> [What to work on]
Your task is to retype, exactly, the line containing "Istniejące za granicą" and every later line through the end of the listing, with pictures omitted.

> [Information shown]
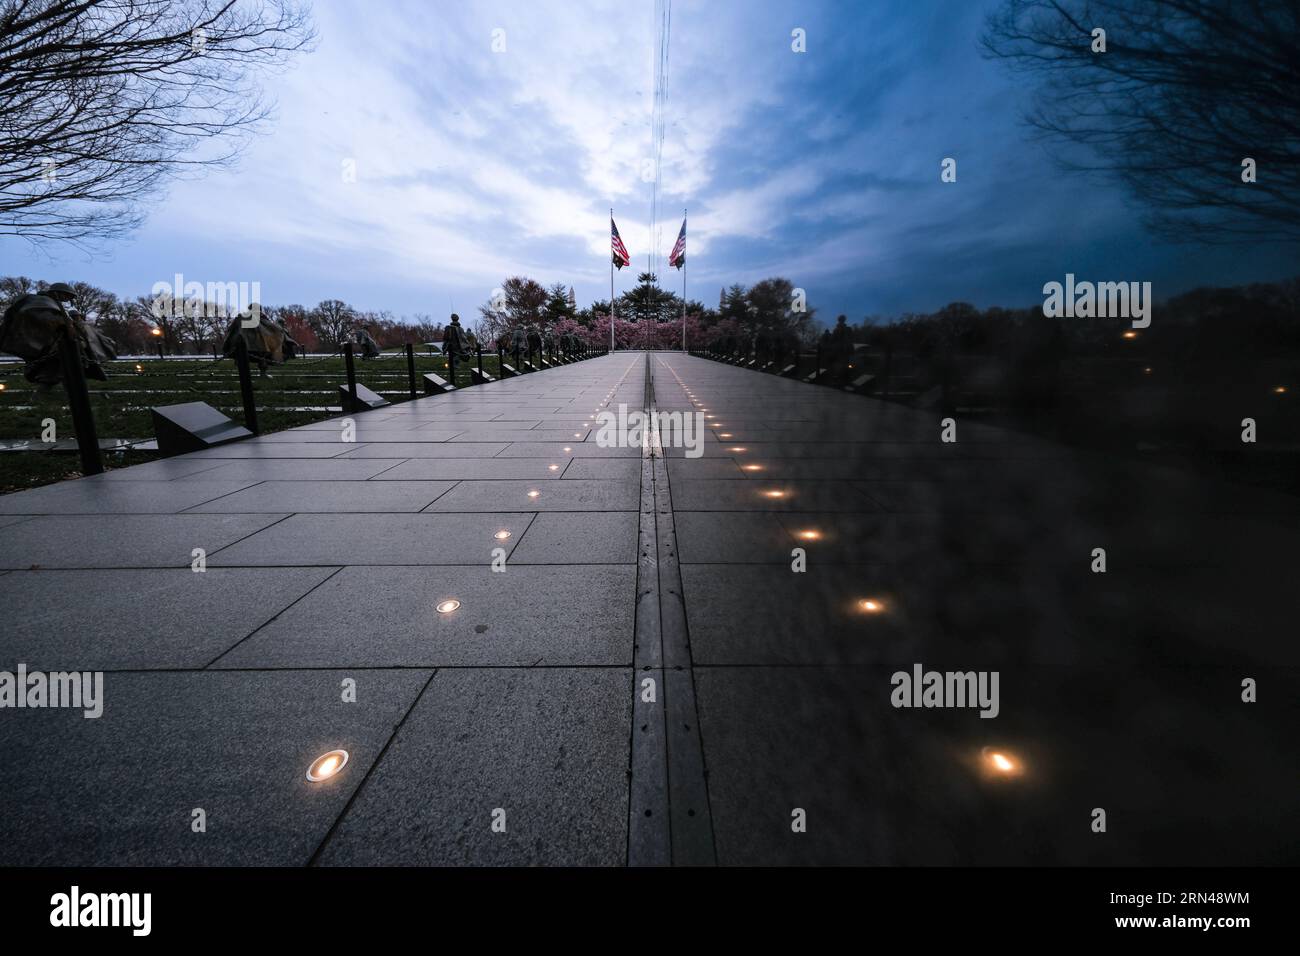 WASHINGTON DC, Vereinigte Staaten – das Korean war Veterans Memorial steht in feierlicher Reflexion unter dem schwachen Licht der Vordämmerung. Stockfoto
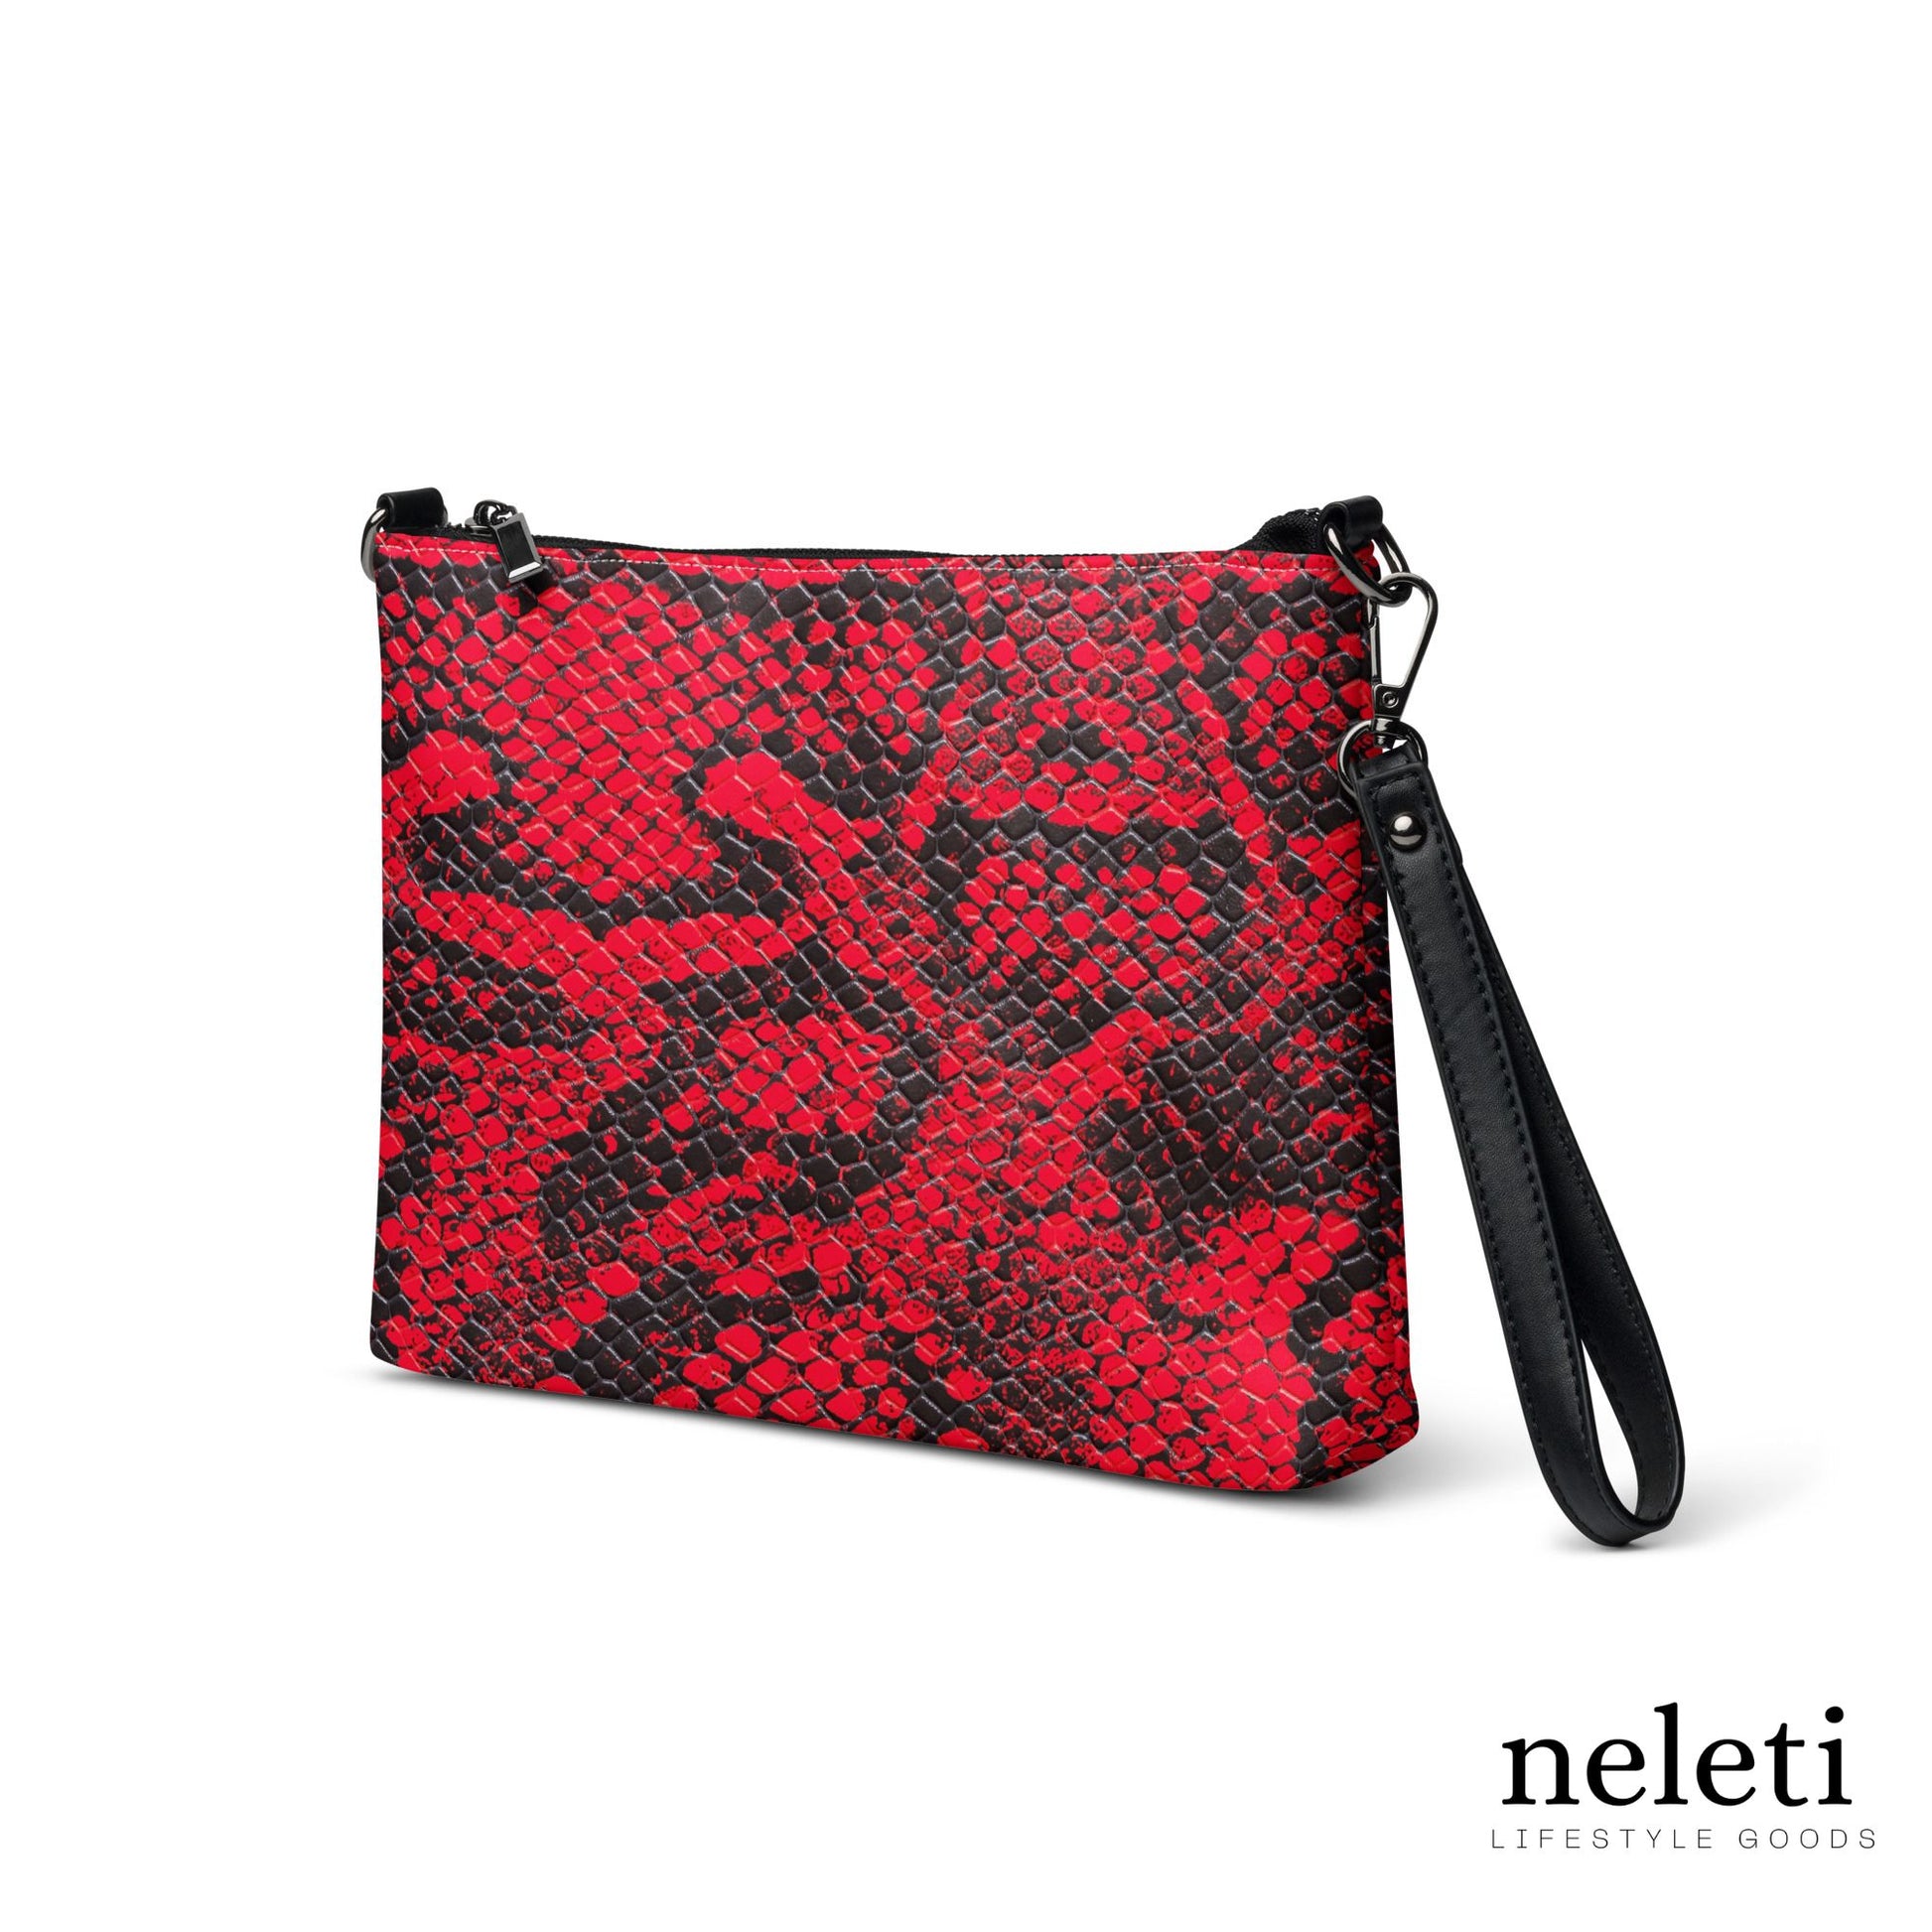 neleti.com-red-crossbody-bag
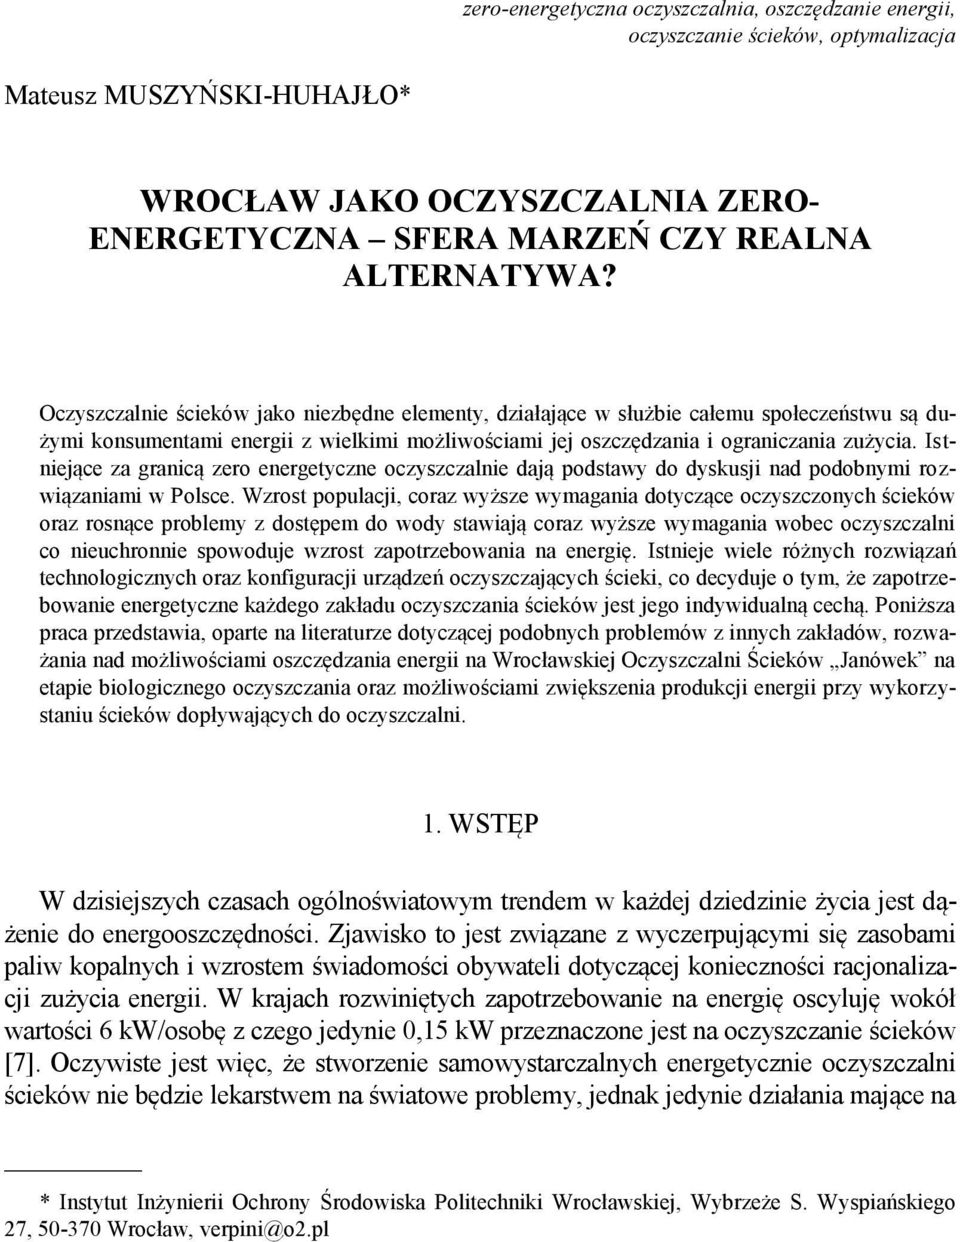 Istniejące za granicą zero energetyczne oczyszczalnie dają podstawy do dyskusji nad podobnymi rozwiązaniami w Polsce.
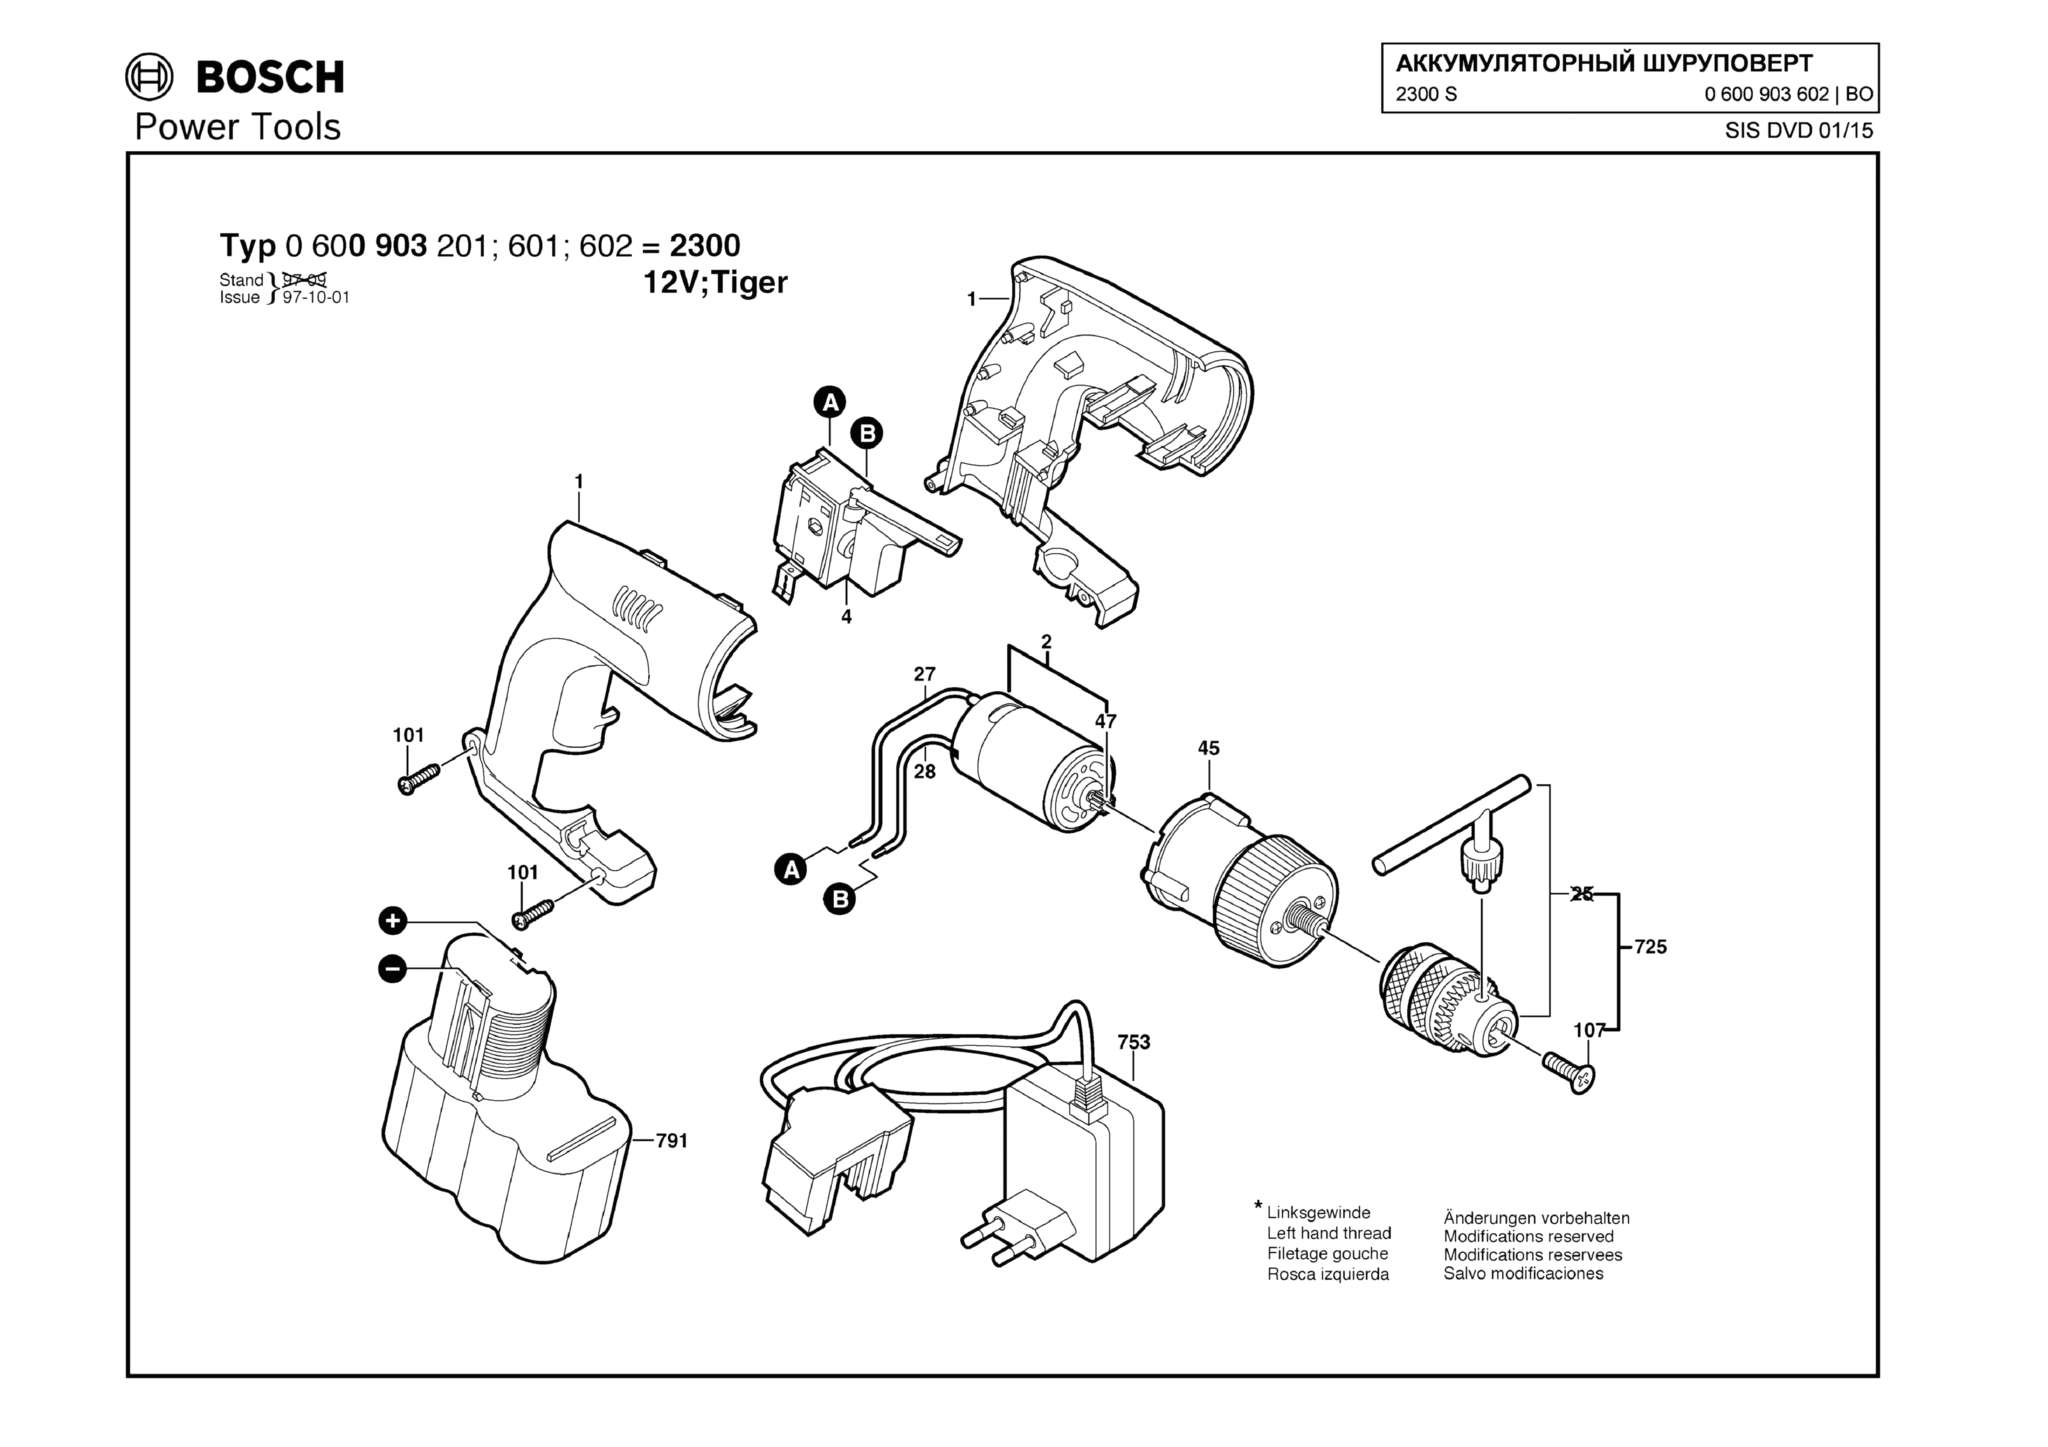 Запчасти, схема и деталировка Bosch 2300 S (ТИП 0600903602)

> [Exercise response]
 Istniejące za granicą zero energetyczne oczyszczalnie dają podstawy do dyskusji nad podobnymi rozwiązaniami w Polsce.
 Запчасти, схема и деталировка Bosch 2300 S (ТИП 0600903602)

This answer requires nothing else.